# TS3: Logitech G500 Taste als P2T zuweisen - wie?



## RubenPlinius (29. April 2011)

hallo leute

ich habe seit heute eine g500 und würde gerne eine der seitentasten als push 2 talk button konfigurieren, allerdings erkennt ts3 scheinbar die tasten nicht - gibt es da eine möglichkeit ts3 die seitentasten "beizubringen"?
allerdings würde ich es gerne vermeiden, eine tastatur-taste der seitentaste zuzuweisen und somit die p2t funktion auf die seitentaste zu legen...gerade das möchte ich ja nicht tun

die rechte maustaste wird ja zb als maustaste 2 erkannt...aber die zusatztasten halt leider nicht 
gibt es da vll ein ts3 plugin oder ähnliches?

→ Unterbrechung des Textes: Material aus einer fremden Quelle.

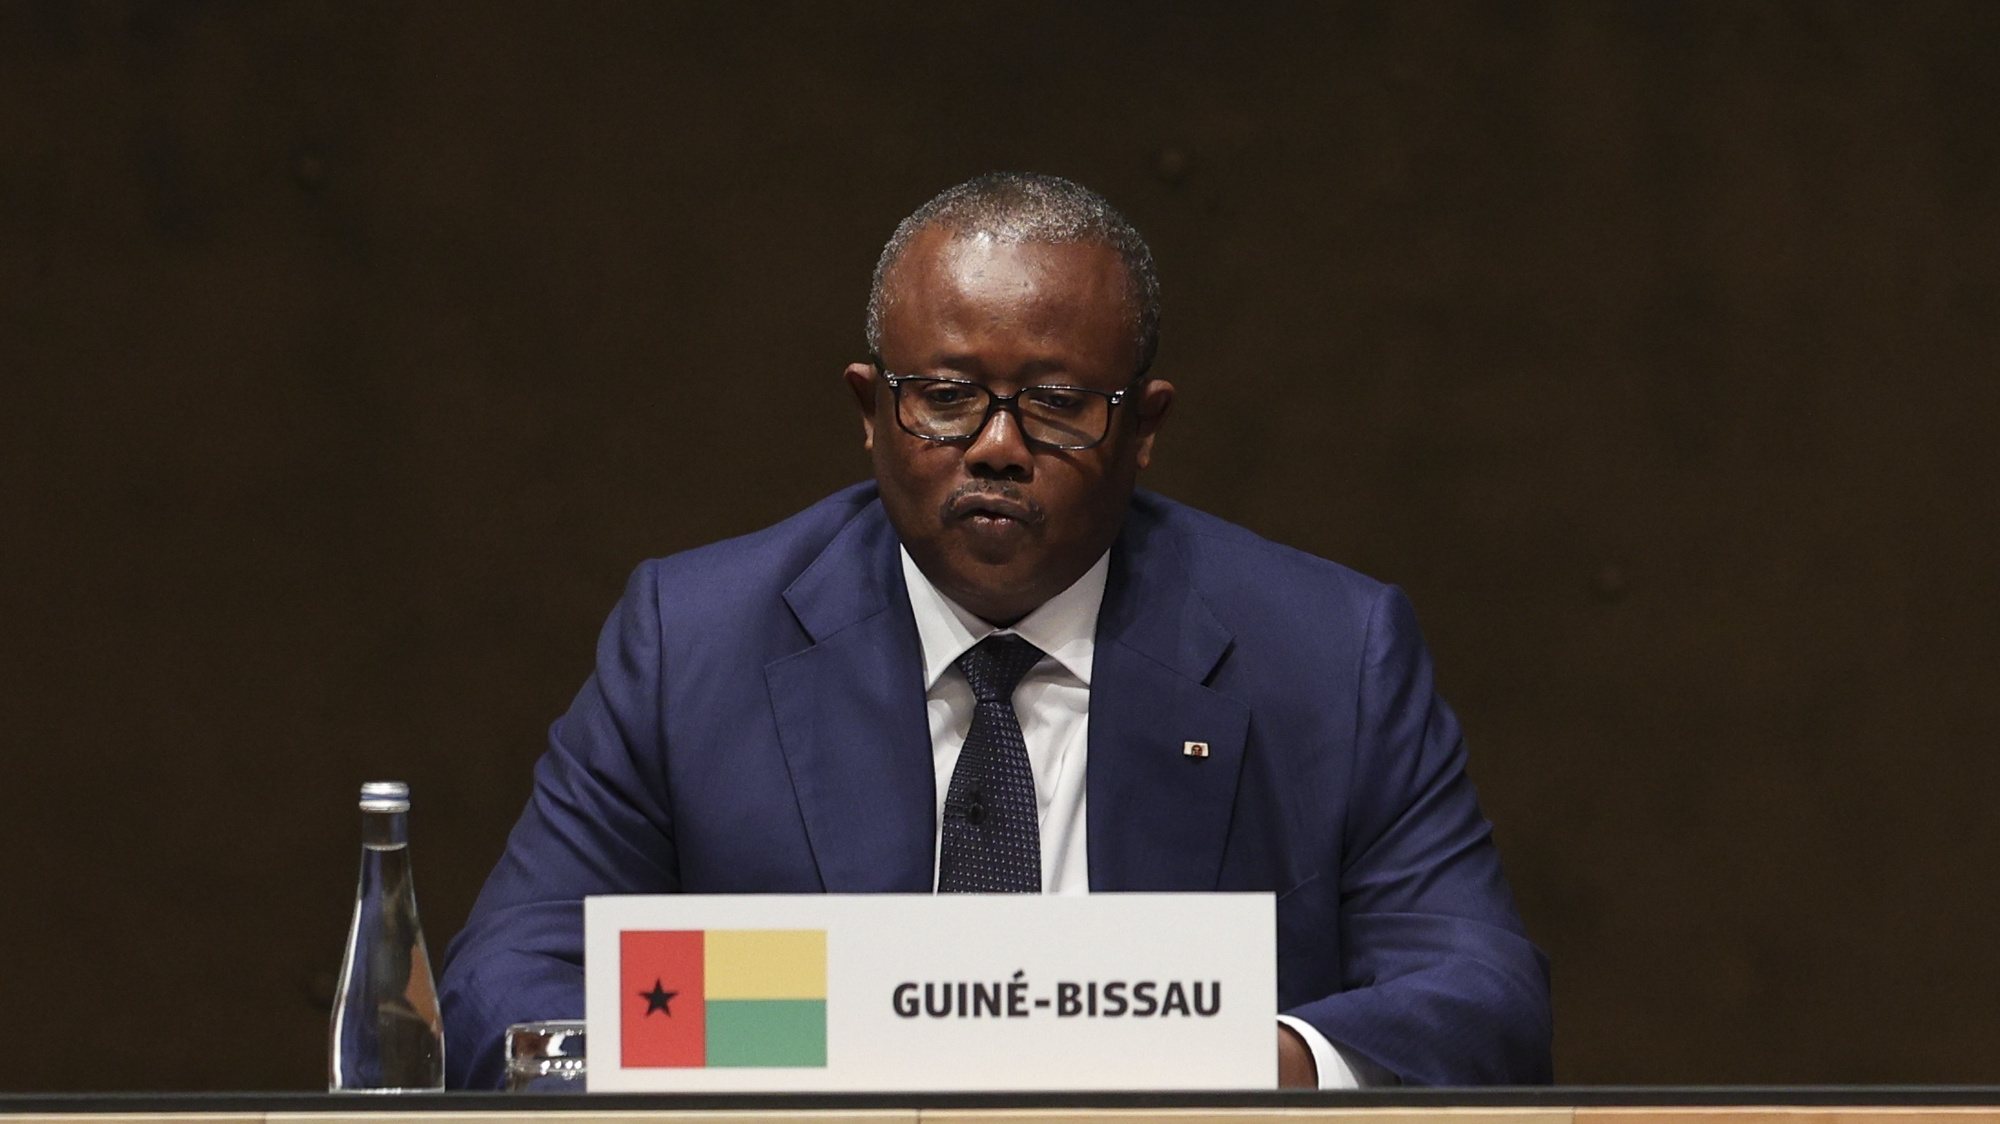 O Presidente da República da Guiné-Bissau, Umaro Sissoco Embalo, intervém na sessão comemorativa do 50º aniversário do 25 de abril de 1974, com os Chefes de Estado irmãos, cuja independência esteve ligada do 25 de abril em Lisboa, 25 de abril de 2024. MIGUEL A. LOPES/LUSA

dr googleberg hat mir da leider nicht weiterhelfen können bisher 
ich hab zwar einiges gefunden wo leute ein ähnliches problem haben, aber nichts wo es gelöst wurde

ich danke euch herzlich im voraus!


----------



## ichbinnichtschuld (29. April 2011)

hm wird maustaste 4/5 in wow richtig erkannt?


----------



## RubenPlinius (29. April 2011)

also das problem hat nichts mit wow zu tun, nochdazu da ich nicht einmal wow spiele xD
aber in sämtlichen anderen programmen wo ich es nutze werden sämtliche maustasten erkannt, ja


----------



## ichbinnichtschuld (29. April 2011)

die chancen stehen in nem mehrheitlichen wow forum imemr gut 
wenn sie in den anderen programmen als maus 4 und 5 erkannt werden ist es schonmal gut, wegen ts kann ich erst später gucken


----------



## mristau (29. April 2011)

Also bei mir hat das eben prima funktioniert, wurde erkannt als Maustaste 4 oder 5
Hab eine Roccat Kone.

Als was sind die Tasten denn im Maustreiber belegt, Standard sollte sein IE Back / IE Forward, bzw. History Back / Forward, je nach Hersteller andere Bezeichnungen
Bei Logitech gab es soweit ich mich erinnern kann noch zusätzlich Belegungen rein Maustaste 1-x


----------



## Sam_Fischer (29. April 2011)

Doofe frage, Treiber Installiert?


----------



## RubenPlinius (29. April 2011)

treiber installiert ^^

im treiber hab ich die taste als "standardtaste" definiert
es müsste wahrscheinlich taste 6 sein oder so...es handelt sich um die dritte seitentaste der g500
und wie gesagt, leider geht das nicht in ts3


----------



## RubenPlinius (30. April 2011)

ich hab das problem jetzt doch mit einem workaround gelöst

ich habe der mittleren seitentaste (die laut setpoint taste 10 sein dürfte) die mittlere maustaste zugewiesen
da ich das mausrad eh nie klicke, nutze ich die maustaste 3 ja sonst gar nicht...und die taste 3 wird von ts3 problemlos erkannt

danke vielmals für euren rat


----------